Remember that it is always best to log in binary for the simple reason that you can write an ASCII file from the binary, but you cannot create a binary log file from an ASCII one. Many tools such as Snort and tcpdump will only work with binary log files, and they will simply not accept flat ASCII files for parsing. With this TCP flag concept fully explained lets move on!
Back to packet forensics
Let's take a look at a second packet:
04/10/2005 10:11:46.264343 192.168.1.1.25 > 10.10.10.10.2748: S [tcp sum ok] 727167800:727167800(0) ack 1635370672 win 24820 <nop,nop,sackOK,mss 1460> (DF) (ttl 62, id 18217, len 48) 0x0000 4500 0030 4729 4000 3e06 b503 c0a8 0101 E..0G)@.>....... 0x0010 0a0a 0a0a 0019 0abc 2b57 b338 6179 c6b0 ........+W.8ay.. 0x0020 7012 60f4 cff0 0000 0101 0402 0204 05b4 p.`.............
The second step of the handshake is the SYN/ACK. In this packet, we now have the ISN + 1 as evidenced by the number underlined.
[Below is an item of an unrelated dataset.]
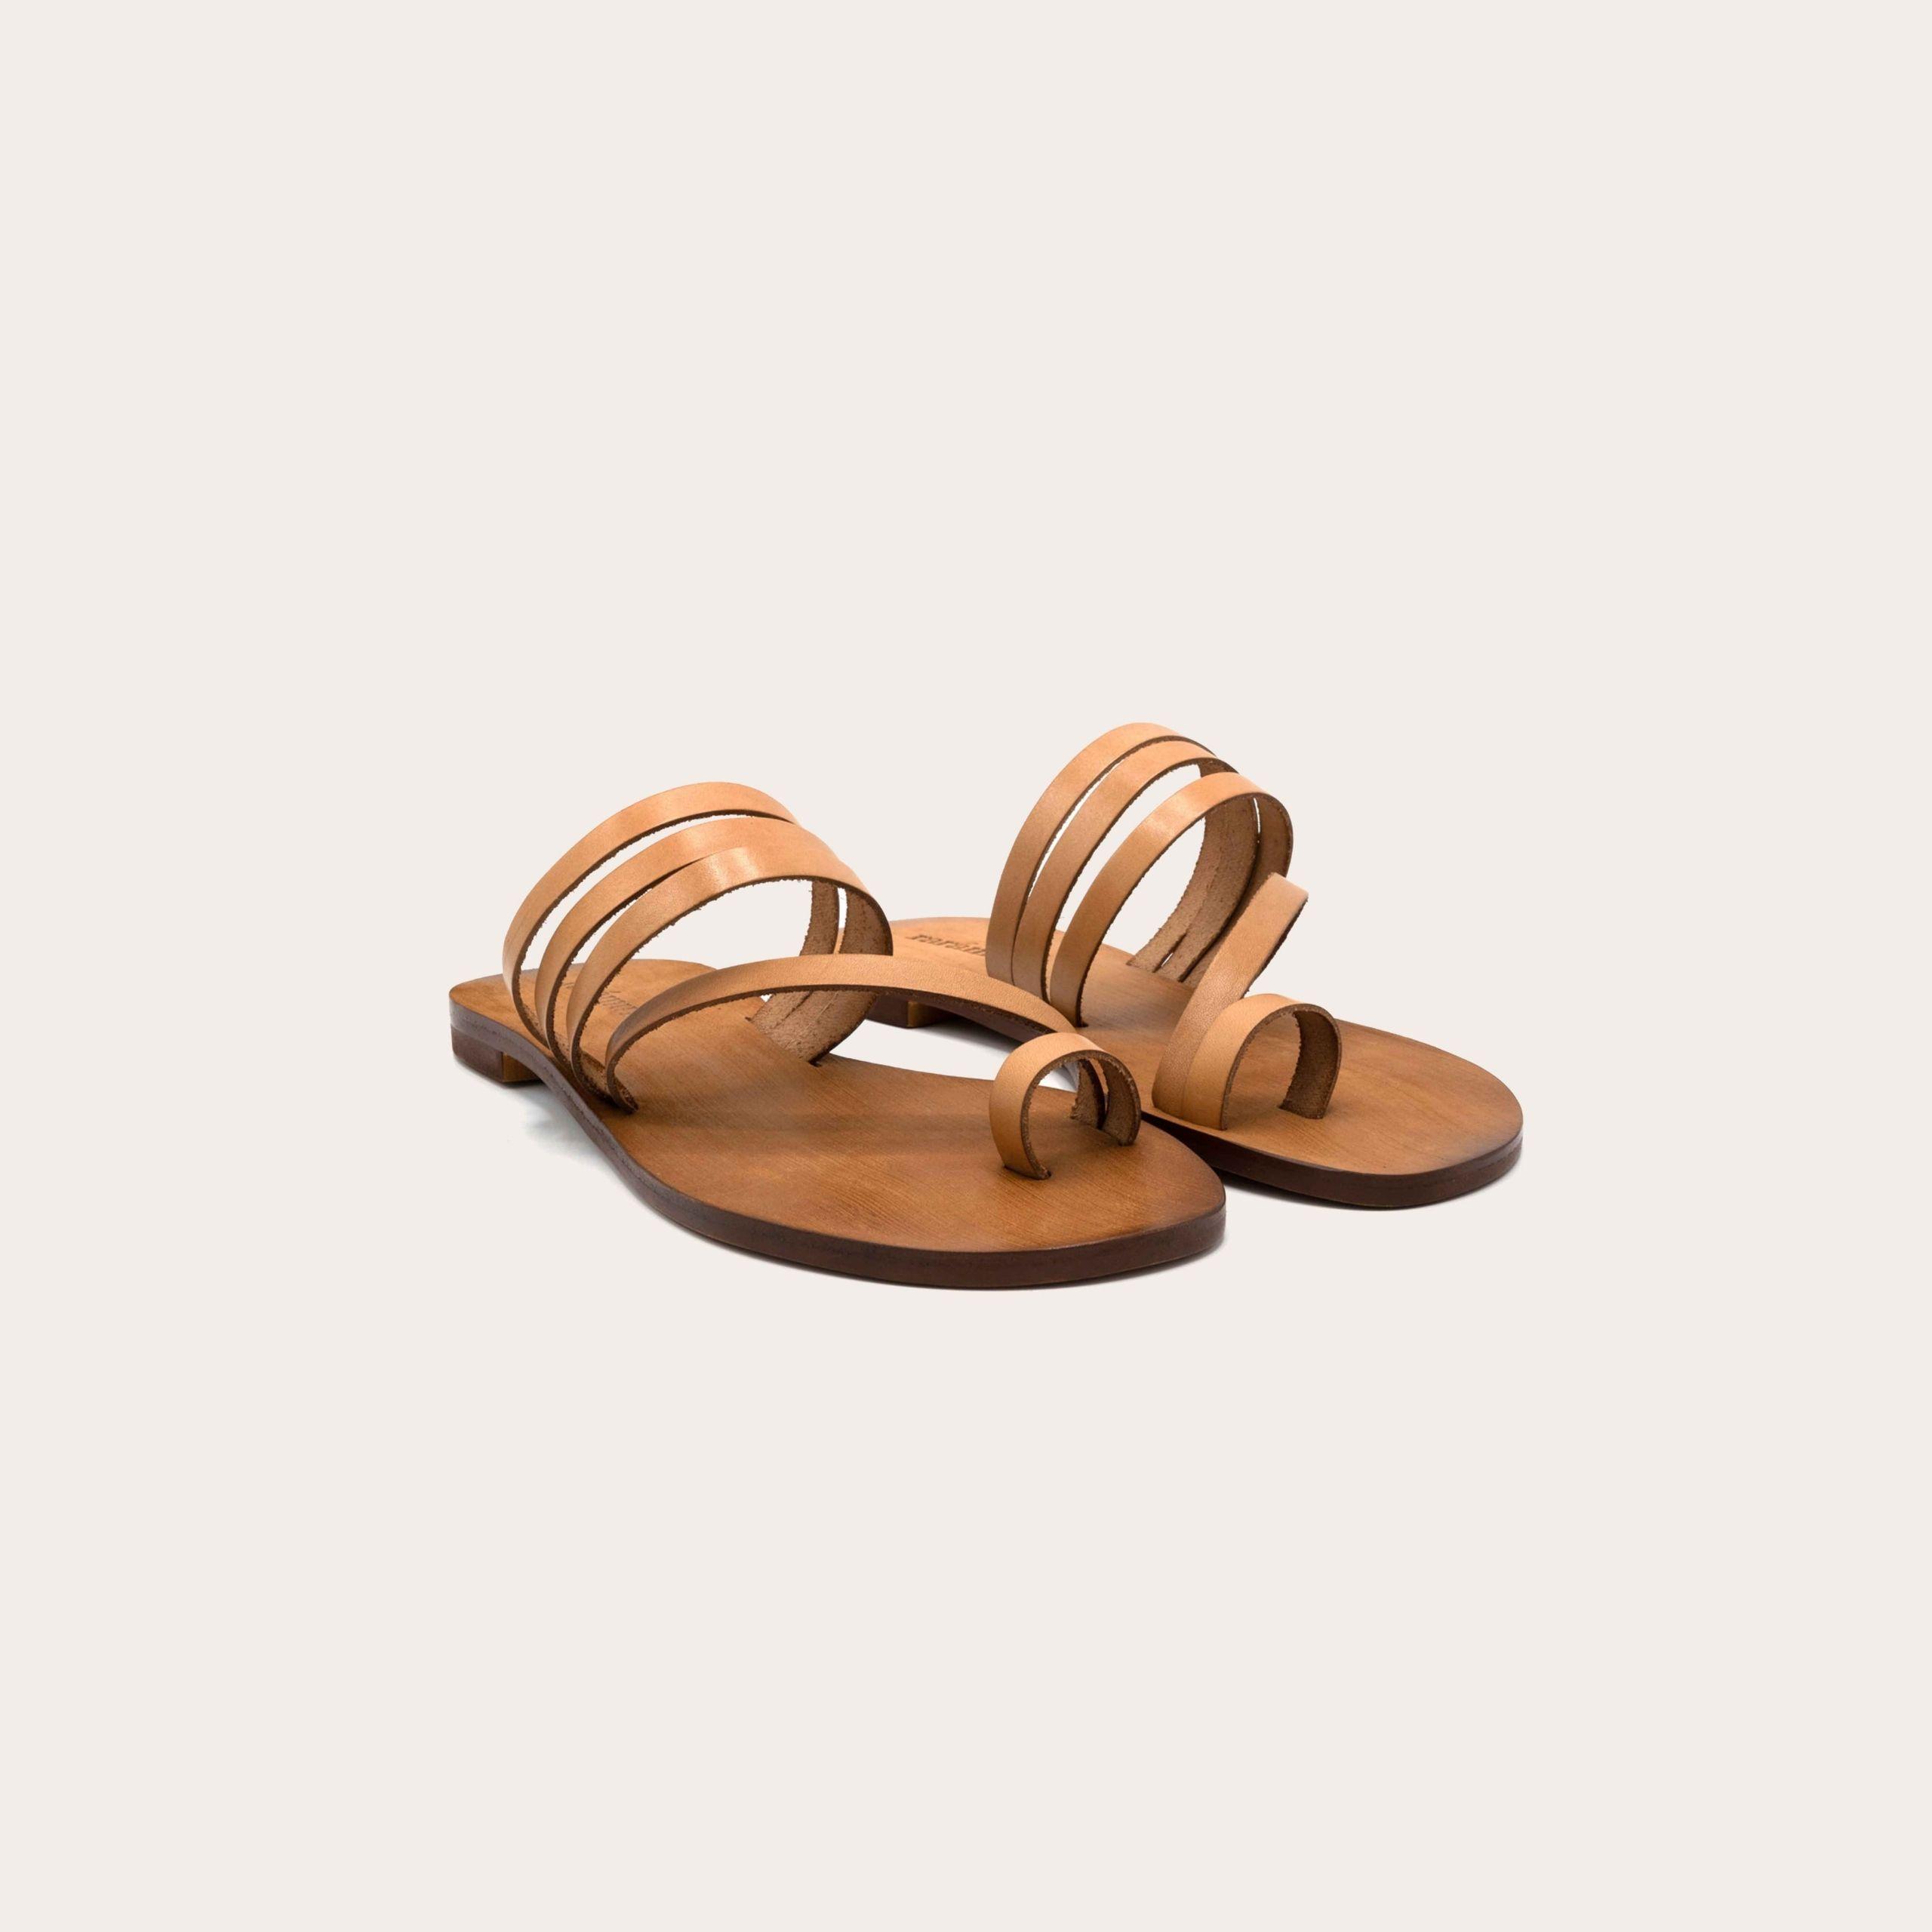 xico-beige_2_lintsandalen sandals travelsandals vegan sustainable sandals wikkelsandalen

We also have a TCP sequence number that is underlined: 727167800:727167800.
Let's move on to step three.
04/10/2005 10:11:47.381612 10.10.10.10.2748 > 192.168.1.1.25: . [tcp sum ok] ack 727167801 win 8760 (DF) (ttl 112, id 8426, len 40) 0x0000 4500 0028 20ea 4000 7006 a94a 0a0a 0a0a E..(..@.p..J.... 0x0010 c0a8 0101 0abc 0019 6179 c6b0 2b57 b339 ........ay..+W.9 0x0020 5010 2238 3b71 0000 0000 0000 0000 P."8;q........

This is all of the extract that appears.